U.N. Secretary-General António Guterres, who has appealed to world leaders to start fixing our “broken” planet by ringing in 2021 with a commitment among all nations to embark on a carbon pollution-neutral future, told the summit this "must be the year to reconcile humanity with nature. Until now, we have been destroying our planet. We have been abusing it as if we had a spare one."

He said the global effort to recover from the pandemic, which has infected 90 million people and killed 1.9 million worldwide, actually presents an opportunity for nations to adopt and invest in more nature-friendly policies. "With smart policies and the right investments," Guterres said, "we can chart a path that brings health to all, revives economies and builds resilience and rescues biodiversity."

A Paris climate treaty approach

More than 30 world leaders, heads of international organizations and government officials took part in the Paris summit that most attended by videoconference, due to the pandemic. They aimed to stoke ambitions such as those detailed in a sweeping plan unveiled by the United Nations a year ago to avert what scientists fear is shaping up to be Earth’s sixth mass extinction.

The U.N. Convention on Biological Diversity’s proposed global wildlife treaty is an ambitious plan on the scale of the 2015 Paris Agreement on climate change. It seeks to preserve the world’s imperiled plant and animal species through a “theory of change” approach — setting long-term goals and working backwards to identify what must be done.

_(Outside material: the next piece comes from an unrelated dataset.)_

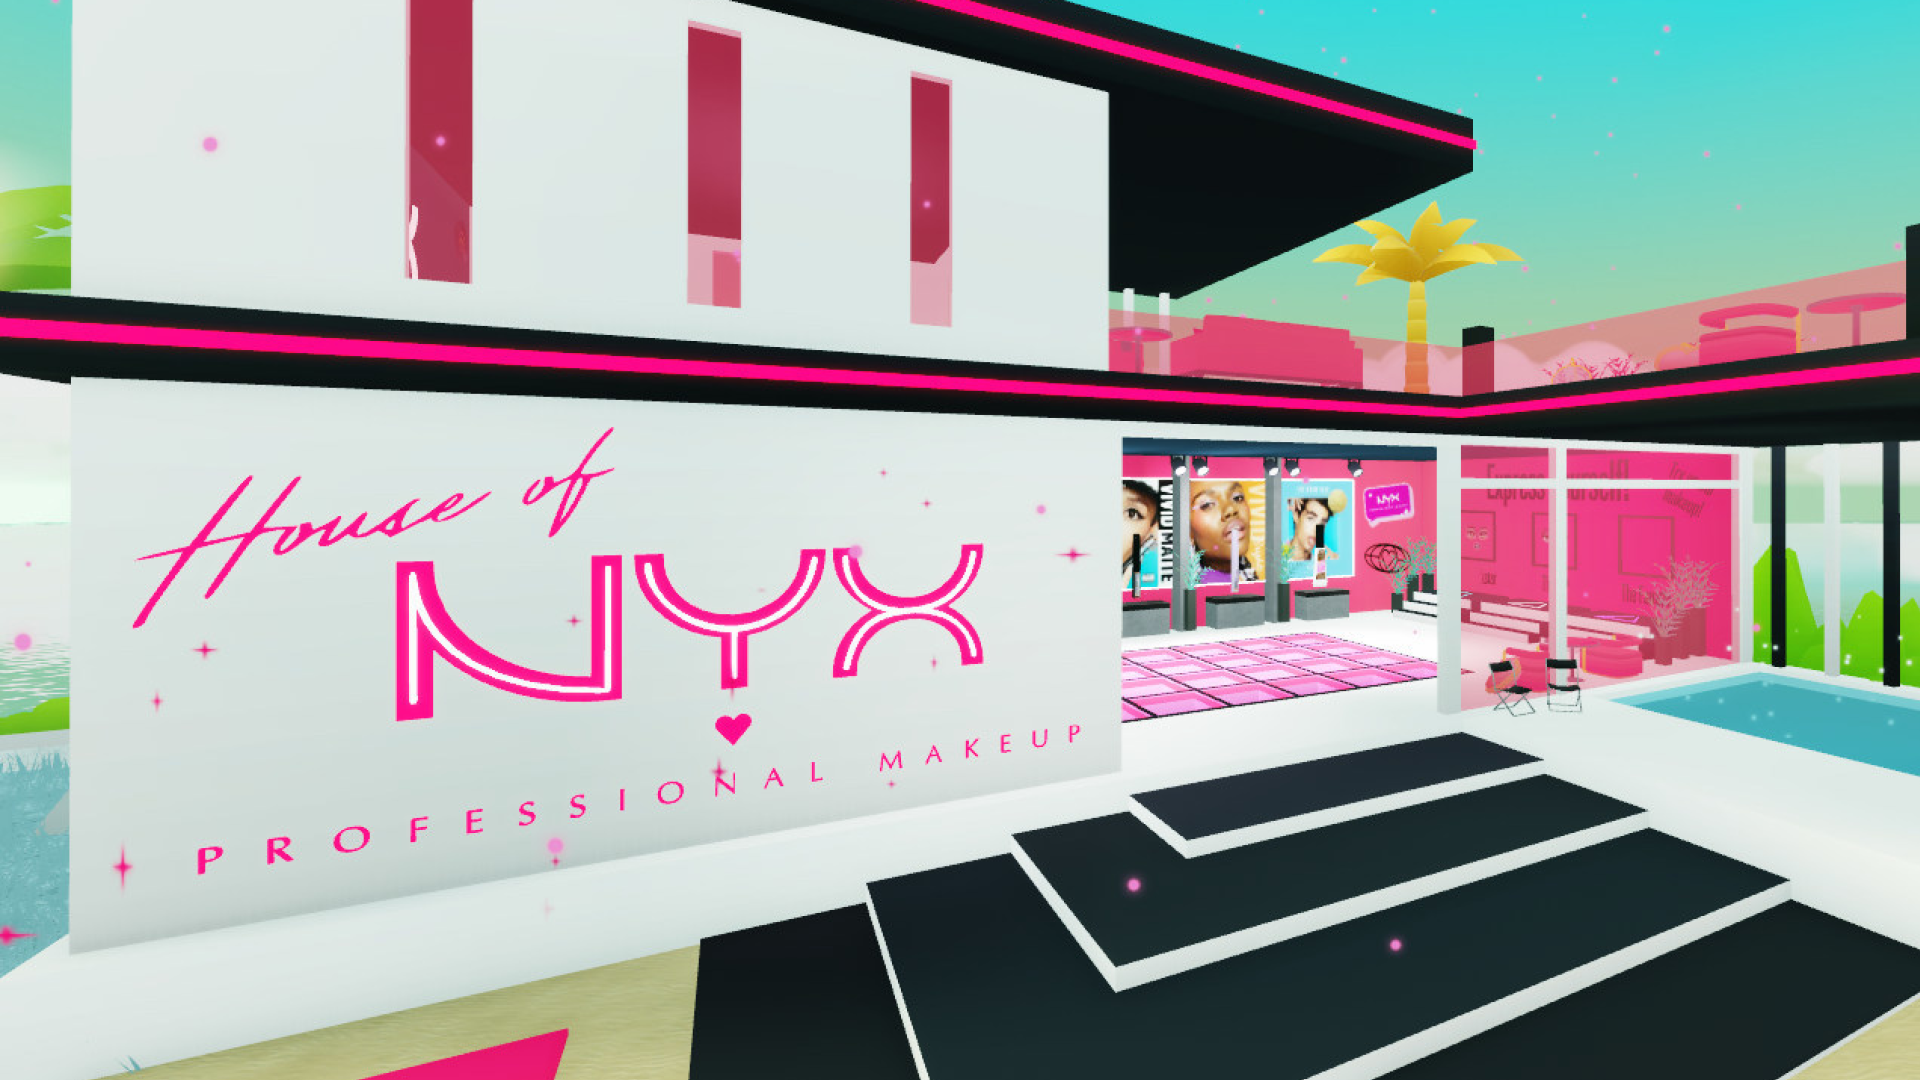 slump Underholde Implement Get Ready with NYX Makeup in the Metaverse | License Global

"We need a Paris-style agreement to go with it. Ambitious, global and game changing. The stakes could not be higher and the imperative to act could not be more compelling," European Commission President Ursula von der Leyen of Germany said. "And if we don't urgently act to protect our nature, we may already be at the beginning of an era of pandemics. But we can do something about it. It needs concerted global action and local sustainable development."

The wildlife treaty would serve as the world’s framework to attempt to halt the human actions that scientists, in a 2019 U.N. report on biodiversity, said are threatening 1 million of the world’s 8 million plant and animal species with extinction by causing Earth’s natural life support systems to reach a crucial breaking point.

Among the other leaders attending were British Prime Minister Boris Johnson, Canadian Prime Minister Justin Trudeau, Chinese Vice Premier Han Zheng and German Chancellor Angela Merkel. Britain's Prince Charles appealed to multinational business leaders to help invest US$10 billion by 2022 in protecting the planet's "natural capital" as part of what he termed a “Terra Carta," or Earth Charter.

On the summit's sidelines, proponents of Africa’s Great Green Wall project sought more funding to stop the Sahara Desert's expansion to the south by planting 7,000 kilometers of trees from Senegal to Djibouti. U.S. President-elect Joe Biden, who did not attend, has also pledged to make climate and biodiversity top priorities and to protect 30% of U.S. lands and waters from development by 2030.